Он чувствовал, как тесно прижаты друг к другу были его зубы, стирая медленно эмаль, как они готовы были заскрипеть. Рома закончил мыть посуду и открыл верхний шкафчик, чтобы сложить её туда, а затем продолжить готовку здесь же. Сзади подошла его мама, нервно задержав дыхание у его уха и чего-то ожидая. Парень закрыл дверцу и потянулся за ручкой металлического старого чайничка на плите, чтобы его переставить, в этот же момент мама раскрыла кухонный шкафчик у его головы, но Рома резко закрыл его обратно, чуть не ударив женщину по пальцам.
— Я тебе не разрешал, а ты меня не просила достать что-то за тебя или отойти в сторонку.
— Ещё раз в таком тоне мне что-то скажешь и…
— И что? Что ты мне сделаешь? Тебе даже нечего мне сделать, потому что ты ни на что не способна.
— Не смей со мной говорить в таком тоне! Хамло! Дорос до того, чтобы спорить со мной?!

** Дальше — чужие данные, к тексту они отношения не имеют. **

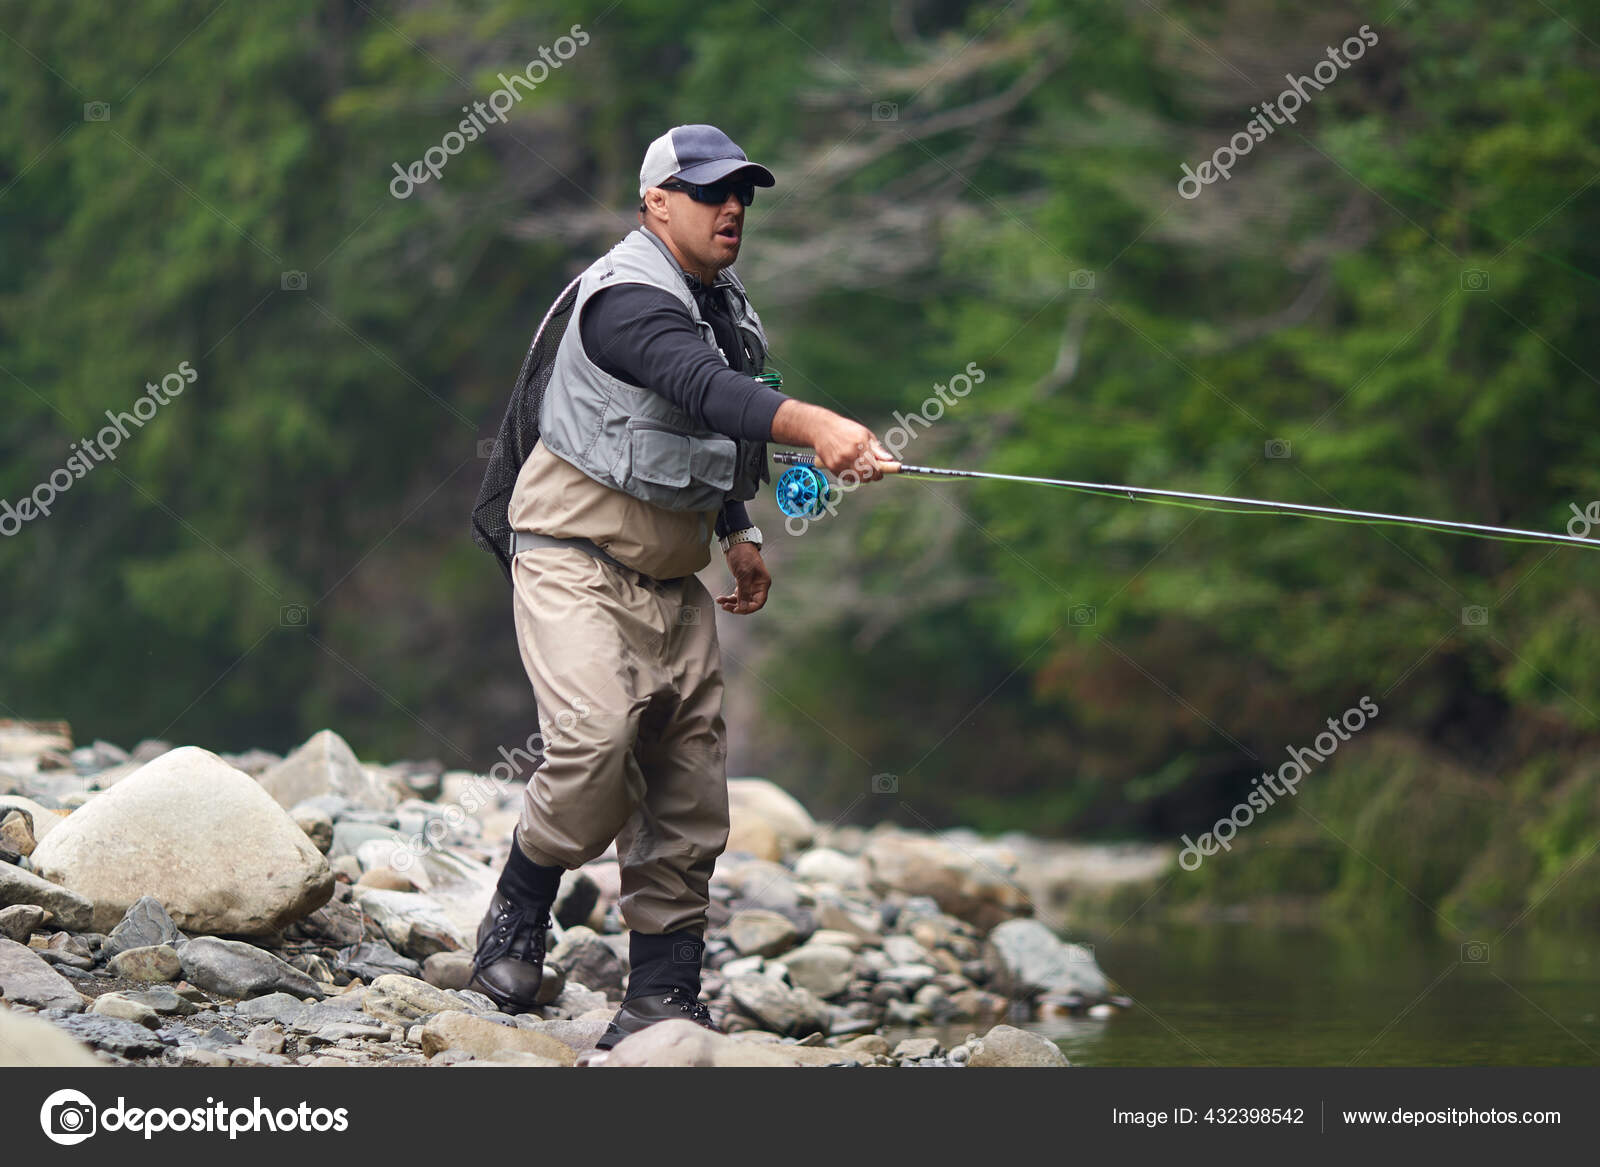 https://st2.depositphotos.com/7319880/43239/i/1600/depositphotos_432398542-stock-photo-fishermen-in-waterproof-outfit-fishing.jpg

Рома чувствовал, как закипало его лицо и как уменьшался его обзор, сужаясь то на лице матери, то на тумбе перед собой. На её поверхности как раз лежали деревянная доска и рядом нож с пластиковой ручкой и нарисованными на нём дизайнером розовыми бабочками и сердечками. «Слишком тупой, — подумал Рома. — Если и делать что-то им, то не резать, а сразу колоть со всей силы, причём только в нужное место, иначе может и не сработать как надо. А если ты сделала бы из меня убийцу? Столько раз говорила, что всё начинается с семьи и маньяками становятся из-за проблем в отношениях с матерью. Что если я убью кого-то? Что ты тогда будешь делать? Твой любимый сынишка вдруг неожиданно стал маньяком? Как же это могло произойти? Что ты тогда будешь думать, мама? Ты возненавидишь меня? Или станешь корить себя? Как это глупо! А если бы что-то произошло, этим расследованием занялась бы и Россия, потому что именно её обвинили бы во всём». Он представил, как применяет этот нож и прокрутил в своей голове все эти мысли несколько раз, пока помогал нарезать салат. Глупо было о подобном думать из-за маленьких житейских мелочей. Затем Рома пошёл в свою комнату, а мама в свою. Отца не было дома. В последнее время он часто пропадал на работе. Через полчаса парень услышал, как милым голосом его зовёт мать. Она уже включила их любимый фильм, поэтому, похлопав по дивану, пригласила Рому смотреть с ней, будто недавно на кухне ничего и не было. Молодого парня это раздражало. Мать часто была чем-то недовольна, пока не было отца, и пилила его, а неуравновешенный сын отвечал ей тем же.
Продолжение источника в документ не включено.